WORK REQUEST: Output, word for word and without pictures, the lines from the one containing "hafele-spondine-e-guide-per-mobili_40_107.jpg" through the final line of the listing below.

PROVIDED MATERIAL:
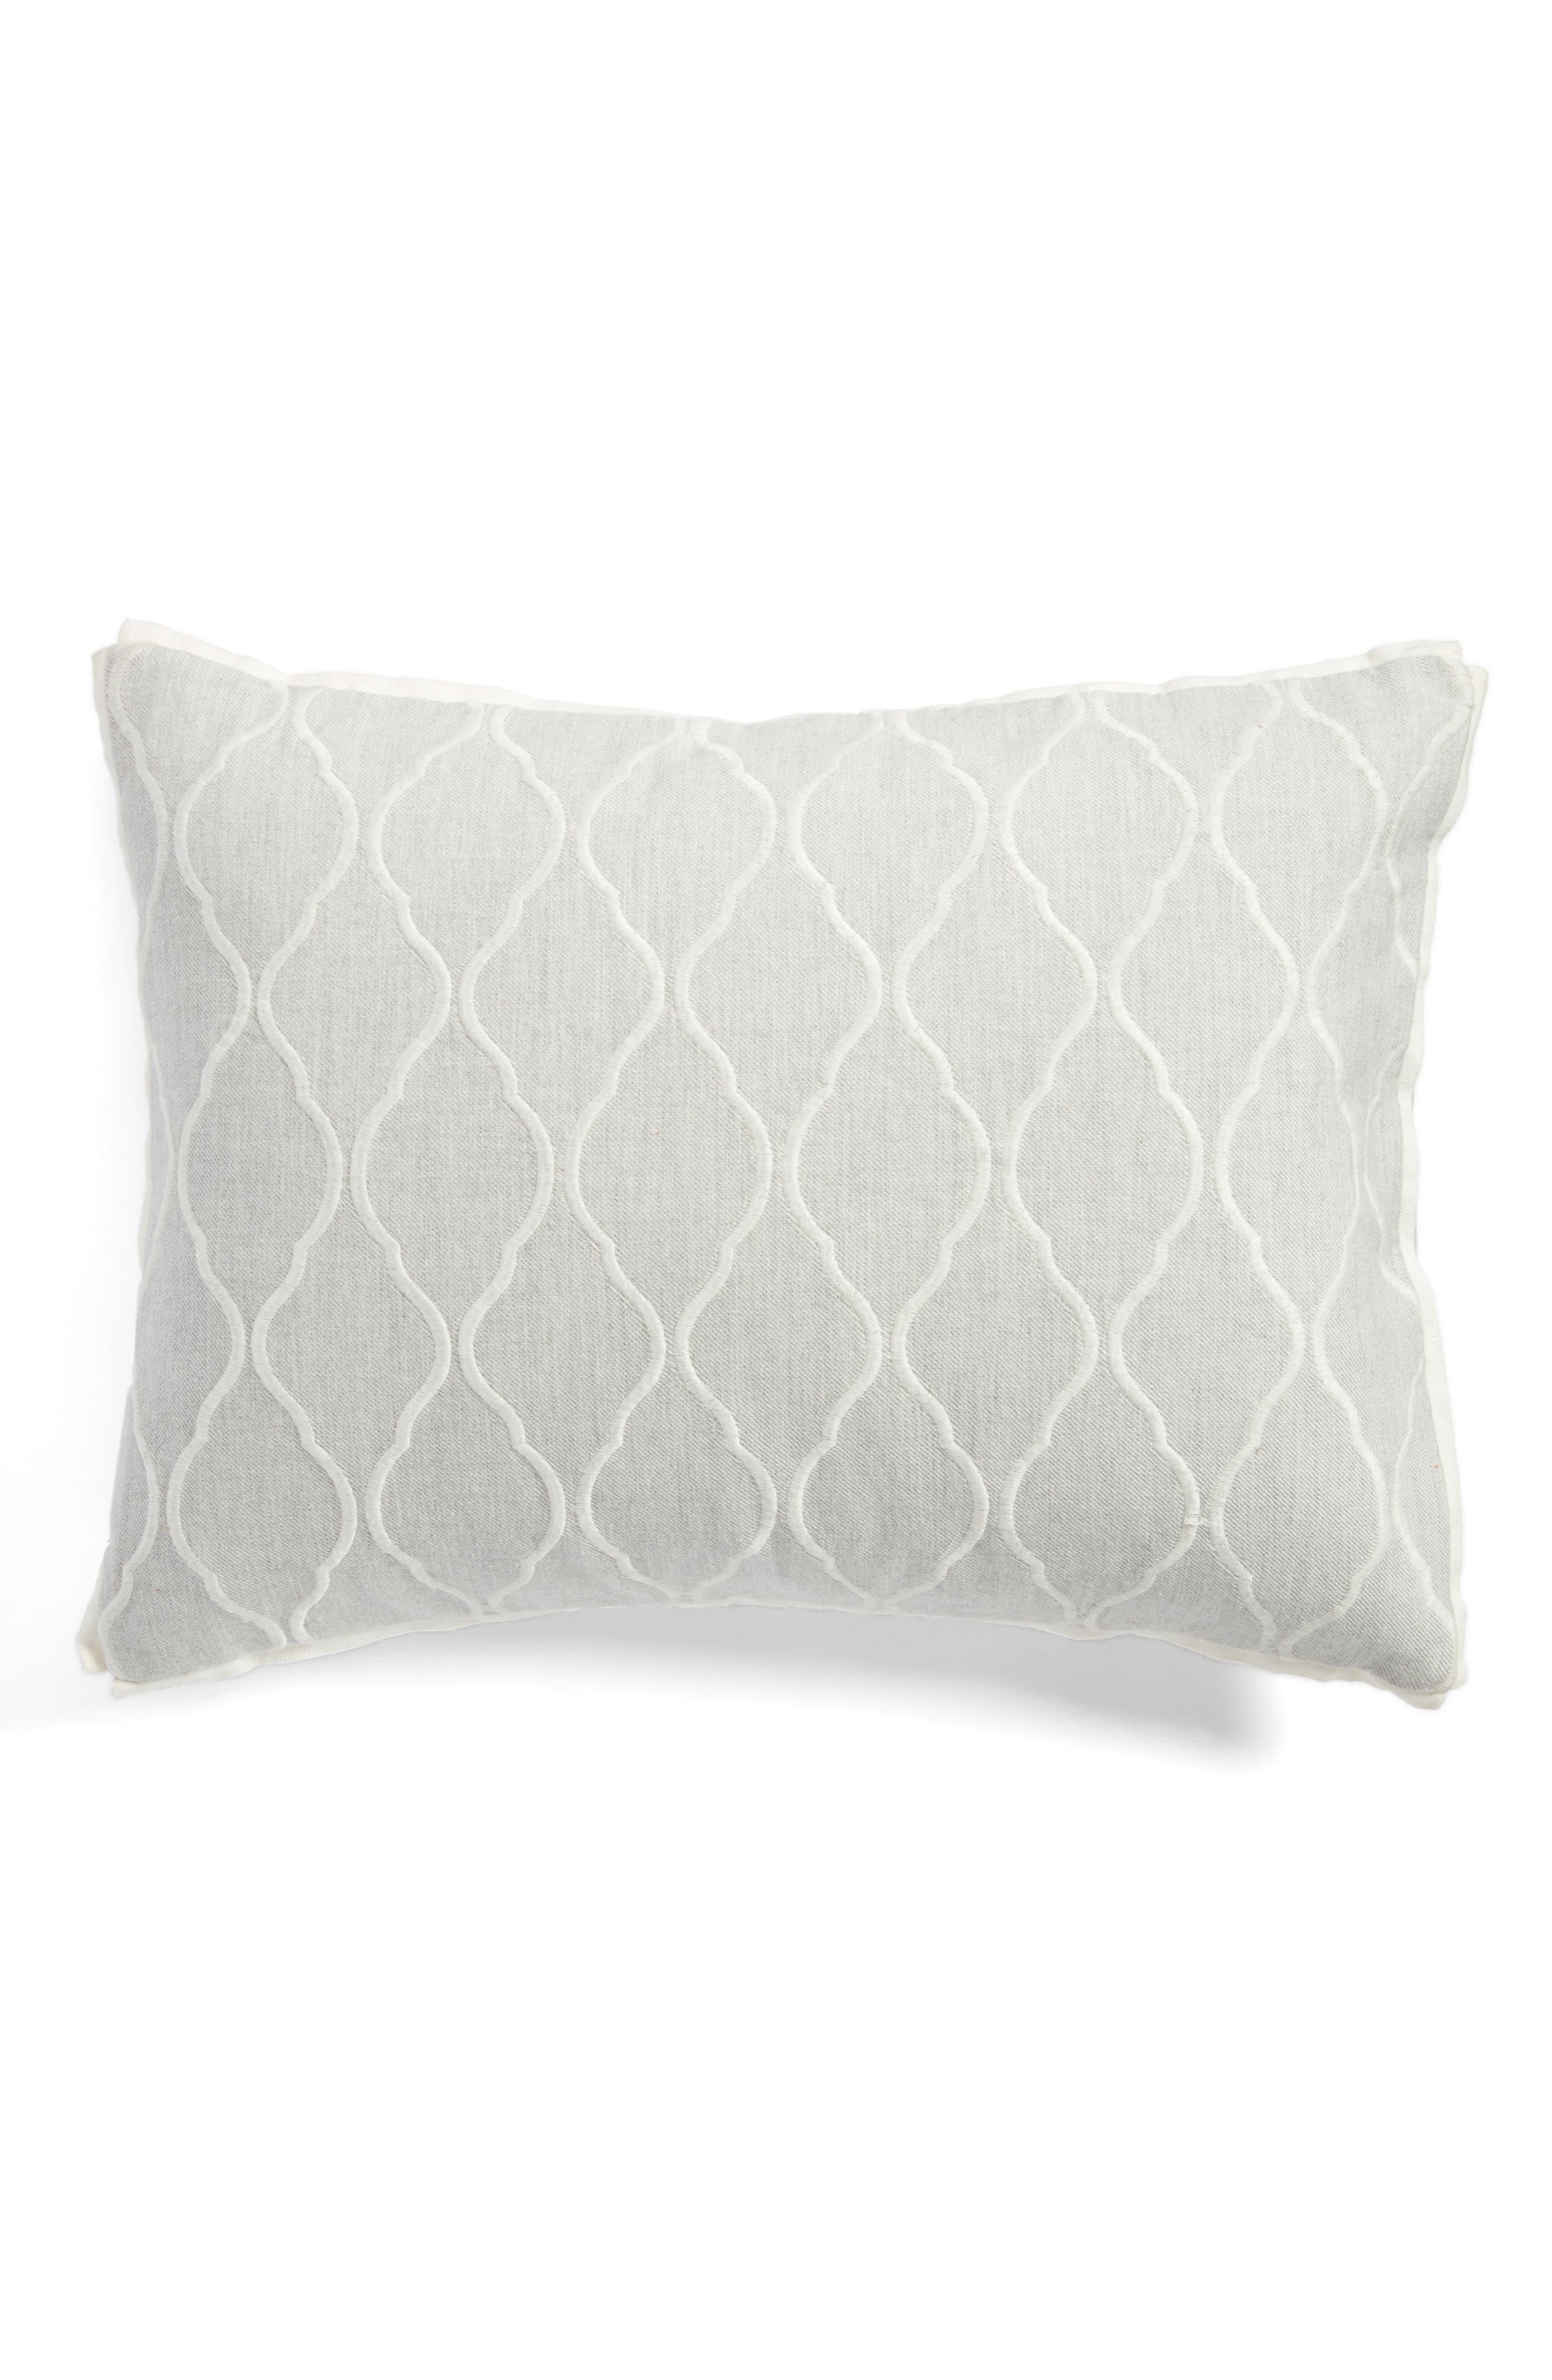 Vera Wang Fretwork Breakfast Pillow
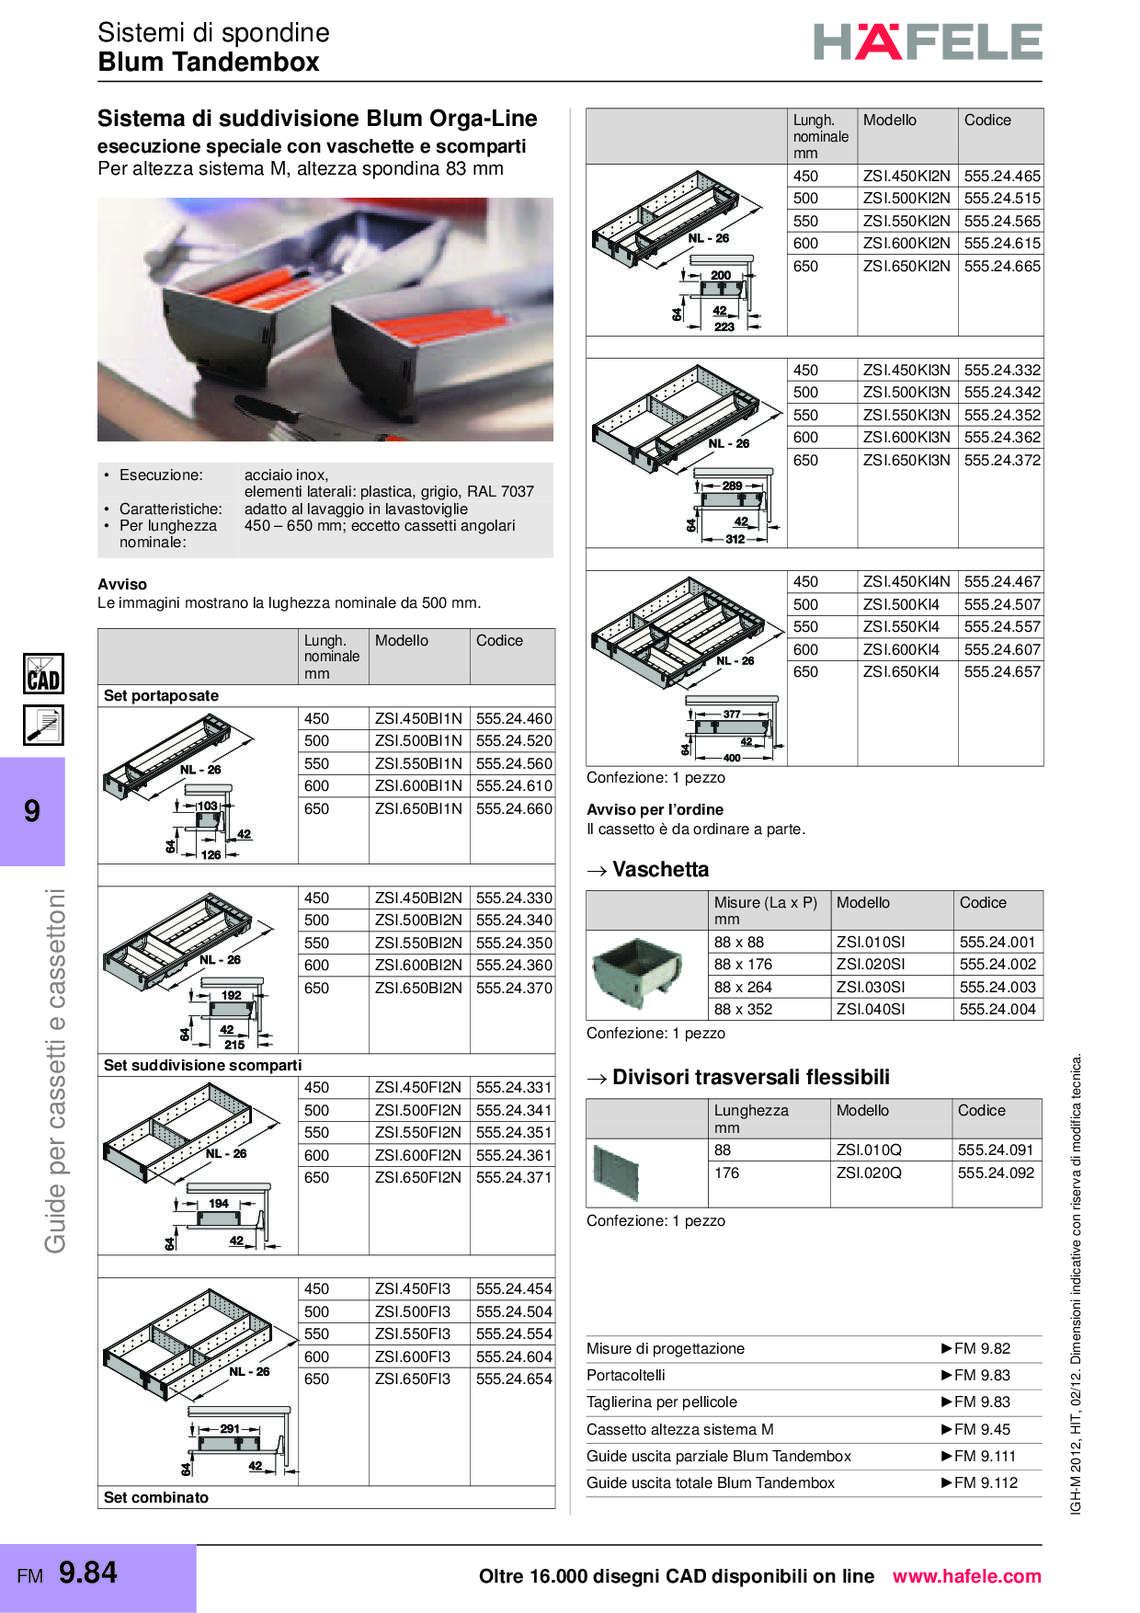 hafele-spondine-e-guide-per-mobili_40_107.jpg
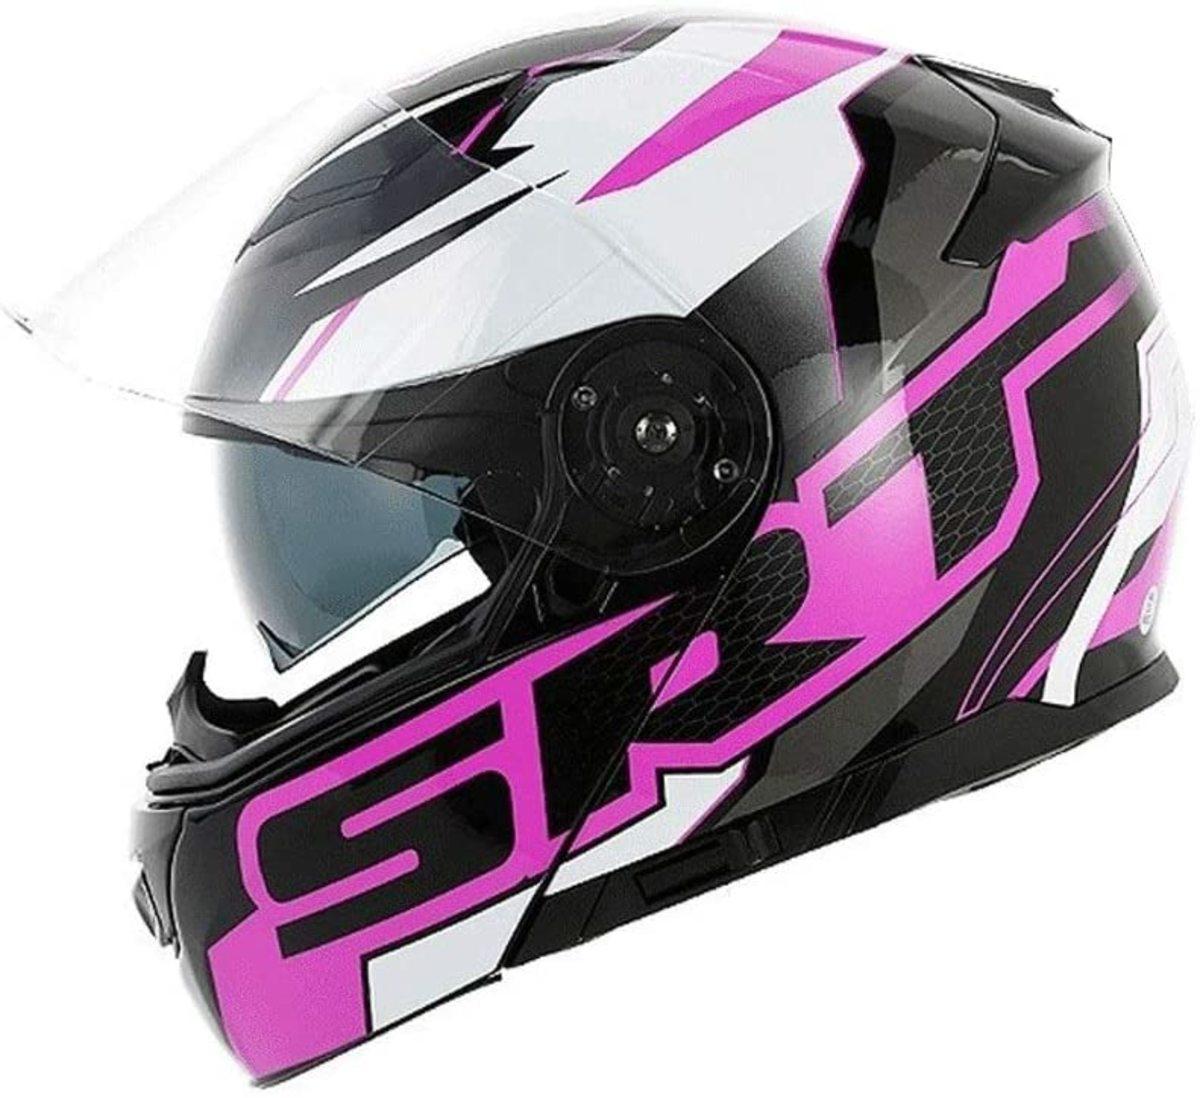 Double Lens Open Face Motorcycle Helmet Men Women Anti-Fog Full Helmet Cover Locomotive Four Seasons Security Protection (Color : Black Purple Dodge)

EXERCISE SOLUTION:
 hafele-spondine-e-guide-per-mobili_40_107.jpg
 Double Lens Open Face Motorcycle Helmet Men Women Anti-Fog Full Helmet Cover Locomotive Four Seasons Security Protection (Color : Black Purple Dodge)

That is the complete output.